Opinion
CIVIL ACTION H-11-486
10-28-2011
OPINION AND ORDER
Pending before the Court in the above referenced cause, alleging cruel and unusual punishment in the failure to provide insulin to, and thereby causing the death of, prisoner Wesley Slocum, is Defendants Murray, Livington and Simpson's opposed motion requesting protection from further discovery pending resolution of their qualified and Eleventh Amendment immunity (instrument #26), raised in their pending motions to dismiss.
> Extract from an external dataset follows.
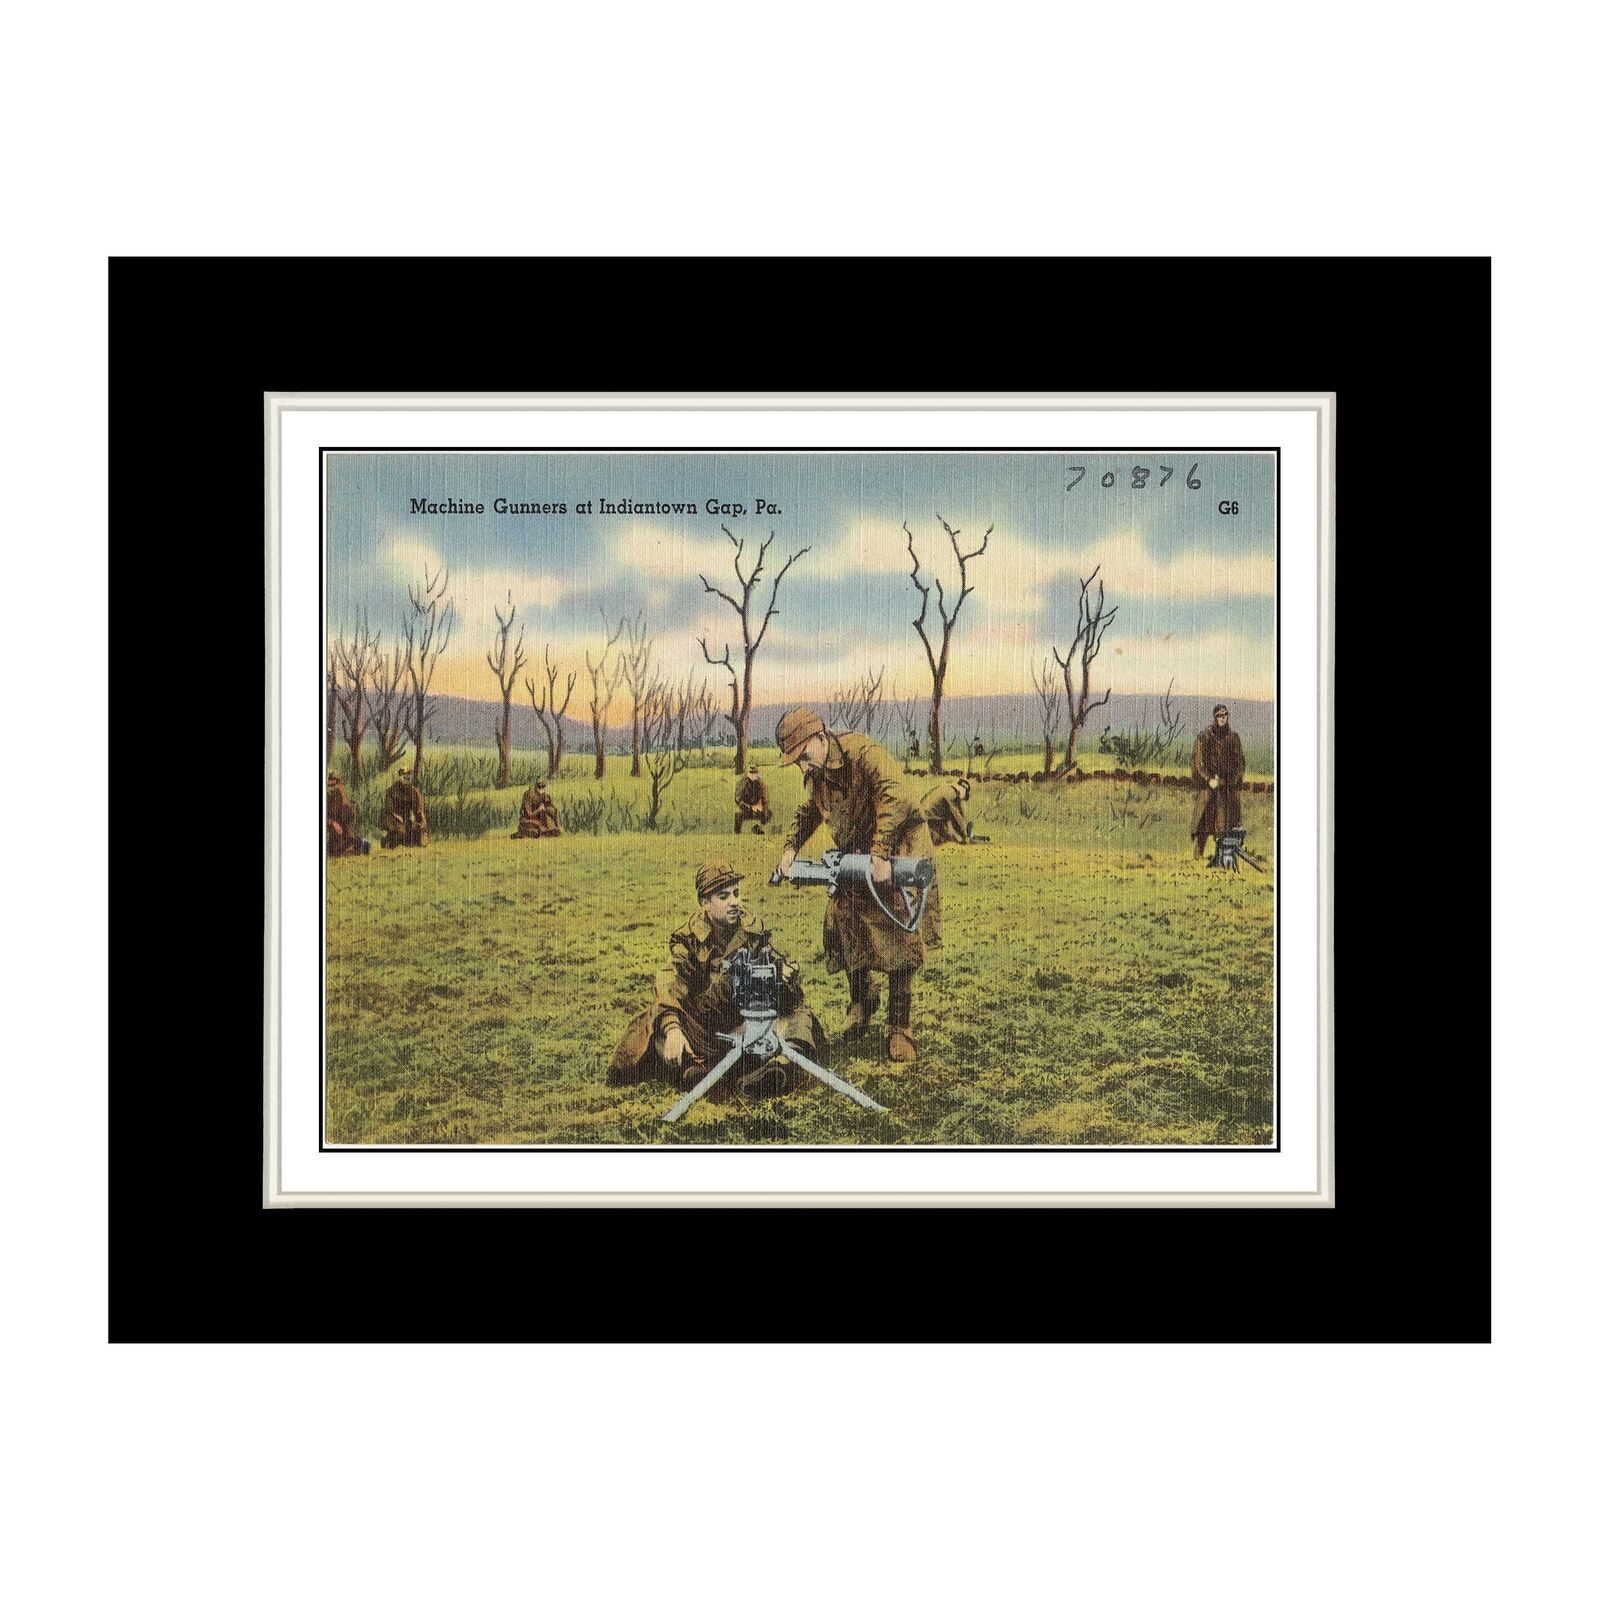 Art Print - Pennsylvania Postcard - Machine gunners at Indiantown Gap, Pa.

Plaintiffs have moved for leave to file a third amended complaint, a motion not yet ripe, in which they add a claim under Title II of the Americans With Disabilities Act of 1990 ("ADA"). They oppose the motion for protection on the grounds that they need discovery to determine what the prison's policies were, how they were enforced by training, and how they compare to the standards of other states and of the country. They further argue that sovereign immunity has been waived under the ADA.
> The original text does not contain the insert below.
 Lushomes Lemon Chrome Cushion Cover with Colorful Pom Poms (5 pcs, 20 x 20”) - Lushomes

The governing complaint here is the Second Amended Complaint, which does not allege an ADA claim. Furthermore it is black letter law that "[u]nless the plaintiff's allegations state a claim of violation of clearly established law, a defendant pleading qualified immunity is entitled to dismissal before the commencement of discovery." Mitchell v. Forsyth, 472 U.S. 511, 526 (1985), citing Harlow v. Fitzgerald, 457 U.S. 800, 818 (1982)("Until this threshold immunity question is resolved, discovery should not be allowed."); Brown v. Texas A&M Univ., 804 F.3d 327, 333 (5th Cir. 1986).
Accordingly Defendants' motion for protection (#26) is GRANTED and discovery is STAYED until the Court resolves the immunity issues.
SIGNED at Houston, Texas, this 28thday of October, 2011.